Theorem
Prove that \(\operatorname{Aut}(\mathbb{Z}_n, +)\) is isomorphic with \(U_n\) (the group of units modulo \(n\)).
Proof
Step 1
Let us define the mapping
\[
f: \operatorname{Aut}(\mathbb{Z}_n, +) \to U_n \quad \text{by} \quad f(\varphi) = \varphi(1).
\]
where \(\varphi \in \operatorname{Aut}(\mathbb{Z}_n) \) for every automorphism \(\varphi\) of the cyclic group \((\mathbb{Z}_n, +)\) is determined by its action on the generator \(1\).
Step 2
To prove \(f\) is Well-Defined
We must verify that for any automorphism \(\varphi \in \operatorname{Aut}(\mathbb{Z}_n, +)\), the element \(\varphi(1)\) is a unit in \(\mathbb{Z}_n\). Since \(1\) is a generator of \(\mathbb{Z}_n\), its image \(\varphi(1)\) must also be a generator of \(\mathbb{Z}_n\). An element \(a \in \mathbb{Z}_n\) is a generator if and only if \(\gcd(a, n) = 1\); that is, \(a \in U_n\). Therefore,
\[
f(\varphi) = \varphi(1) \in U_n.
\]
This confirms that \(f\) is well-defined.
Step 3
To prove \(f\) is a homomorphism
For any \(\varphi, \psi \in \operatorname{Aut}(\mathbb{Z}_n, +)\), we need to show that \(f(\varphi \circ \psi) = f(\varphi) f(\psi)\). Recall that \(f(\varphi) = \varphi(1)\), and since \(1\) is the generator of \(\mathbb{Z}_n\), the behavior of \(\varphi\) and \(\psi\) is completely determined by their action on \(1\).
\begin{align}
f(\varphi \circ \psi) &= (\varphi \circ \psi)(1) \nonumber\\
&= \varphi\big(\psi(1)\big) \quad \nonumber\\
&= \varphi(1)\,\psi(1) \quad \text{(since \(\varphi\) acts linearly on generators)} \nonumber\\
&= f(\varphi)\,f(\psi) \quad \nonumber
\end{align}
This confirms that \(f\) preserves the group operation, so it is a homomorphism.
Step 4
To prove \(f\) is Injective
Suppose \(f(\varphi) = f(\psi)\), that is, \(\varphi(1) = \psi(1)\). Since every element \(k \in \mathbb{Z}_n\) can be written as
\[
k = \underbrace{1 + 1 + \cdots + 1}_{k \text{ times}},
\]
we have:
\begin{align}
\varphi(k) &= k\,\varphi(1) \nonumber\\
&= k\,\psi(1) \nonumber\\
&= \psi(k)\nonumber
\end{align}
Hence, \(\varphi = \psi\), and \(f\) is injective.
Step 5
To prove \(f\) is Surjective
Let \(a \in U_n\). Since \(a\) is a unit modulo \(n\) (i.e., \(\gcd(a, n) = 1\)), consider the map
\[
\varphi_a: \mathbb{Z}_n \to \mathbb{Z}_n \quad \text{defined by} \quad \varphi_a(k) = ak.
\]
Well-Defined and Homomorphism:
First, \(\varphi_a\) is well-defined because multiplication by \(a\) respects the equivalence classes in \(\mathbb{Z}_n\); that is, if \(k_1 \equiv k_2 \pmod{n}\), then \(ak_1 \equiv ak_2 \pmod{n}\). Also, for any \(k, l \in \mathbb{Z}_n\),
\begin{align}
\varphi_a(k+l) &= a(k+l) \nonumber\\[5mm]

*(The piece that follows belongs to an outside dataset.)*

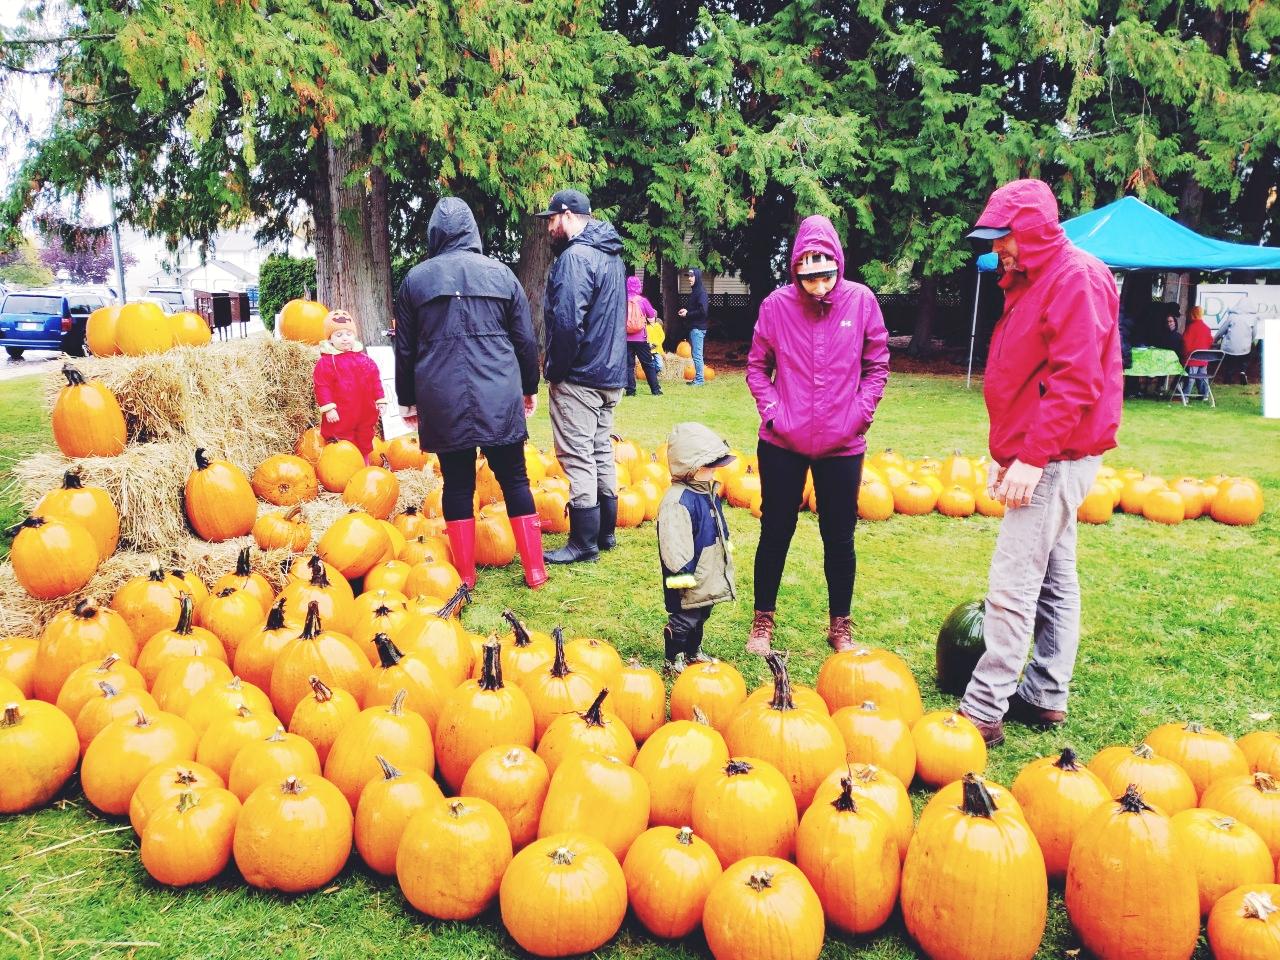 North Nanaimo Pumpkin Patch is an annual fundraiser put on by Dawn Walton & Associates
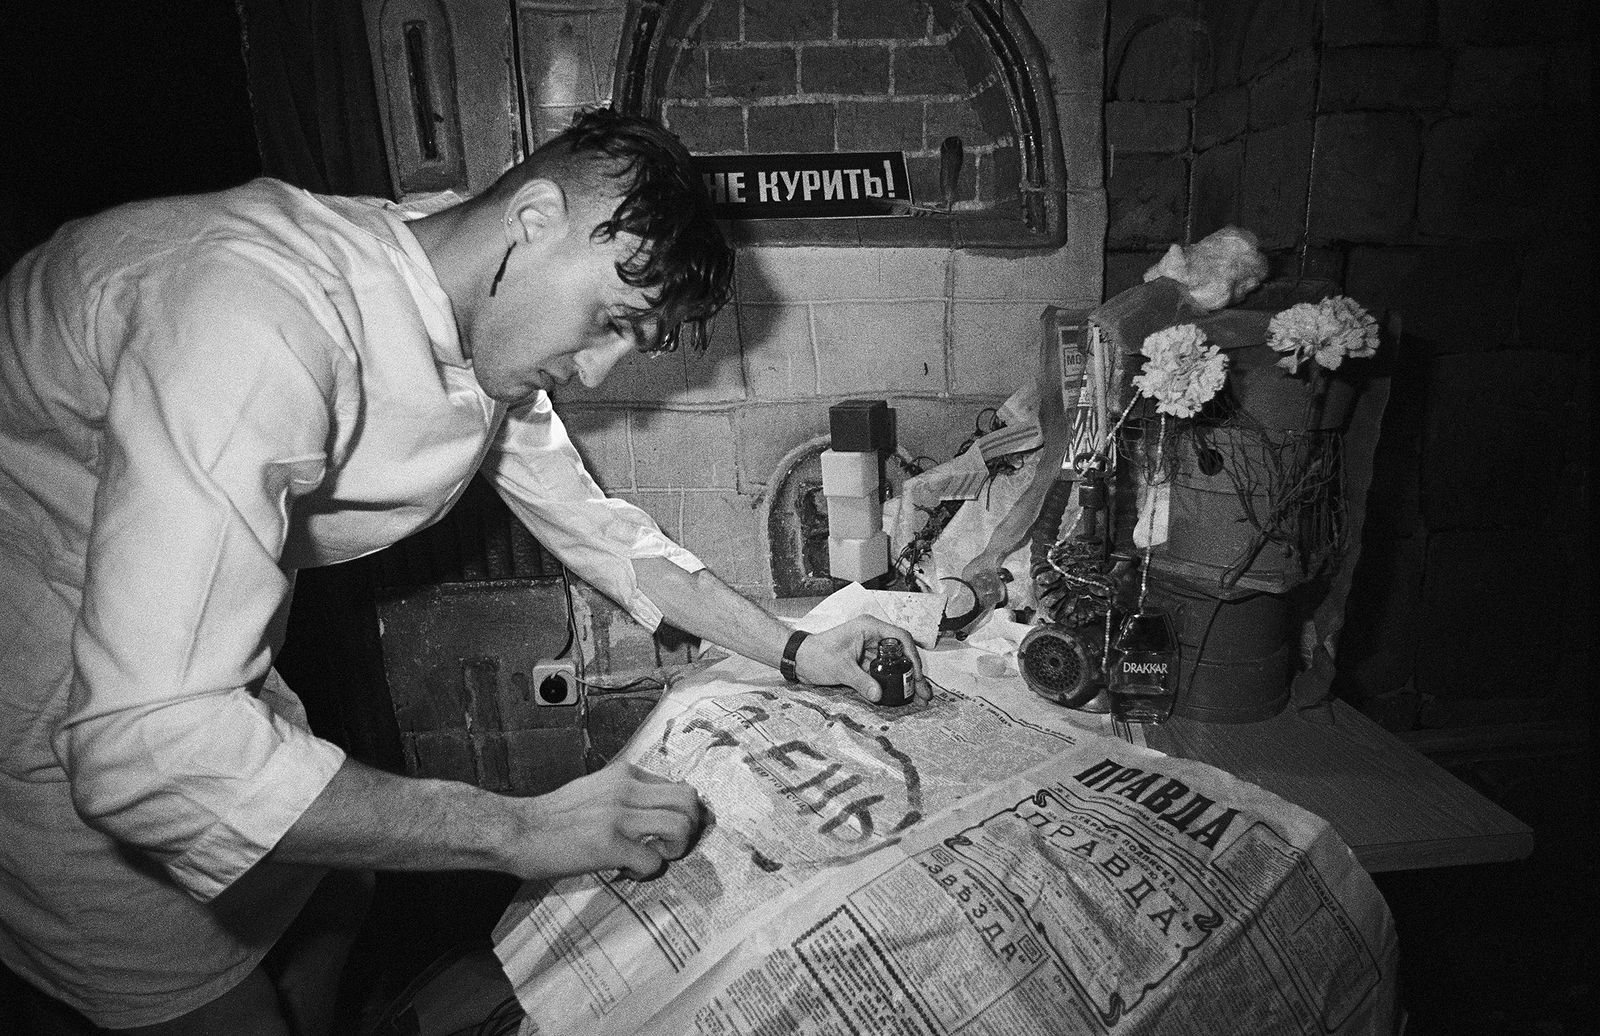 Андрей Безукладников. Совриск. Гор Чахал. Москва. 1986

&= ak + al \nonumber\\[5mm]
&= \varphi_a(k) + \varphi_a(l), \nonumber
\end{align}
so \(\varphi_a\) is a group homomorphism.
Invertibility:
Since \(a \in U_n\), there exists an inverse \(a^{-1} \in \mathbb{Z}_n\) such that \(aa^{-1} \equiv 1 \pmod{n}\). Define
\[
\varphi_{a^{-1}}(k) = a^{-1}k.
\]
Then, for any \(k \in \mathbb{Z}_n\),
\begin{align}
(\varphi_a \circ \varphi_{a^{-1}})(k) &= \varphi_a(a^{-1}k) = a(a^{-1}k) = k \nonumber\\[5mm]
(\varphi_{a^{-1}} \circ \varphi_a)(k) &= \varphi_{a^{-1}}(ak) = a^{-1}(ak) = k \nonumber.
\end{align}
Hence, \(\varphi_a\) is invertible and is an automorphism of \((\mathbb{Z}_n, +)\).
Clearly,
\[
f(\varphi_a) = \varphi_a(1) = a.
\]
Therefore, every element \(a \in U_n\) is in the image of \(f\), proving that \(f\) is surjective.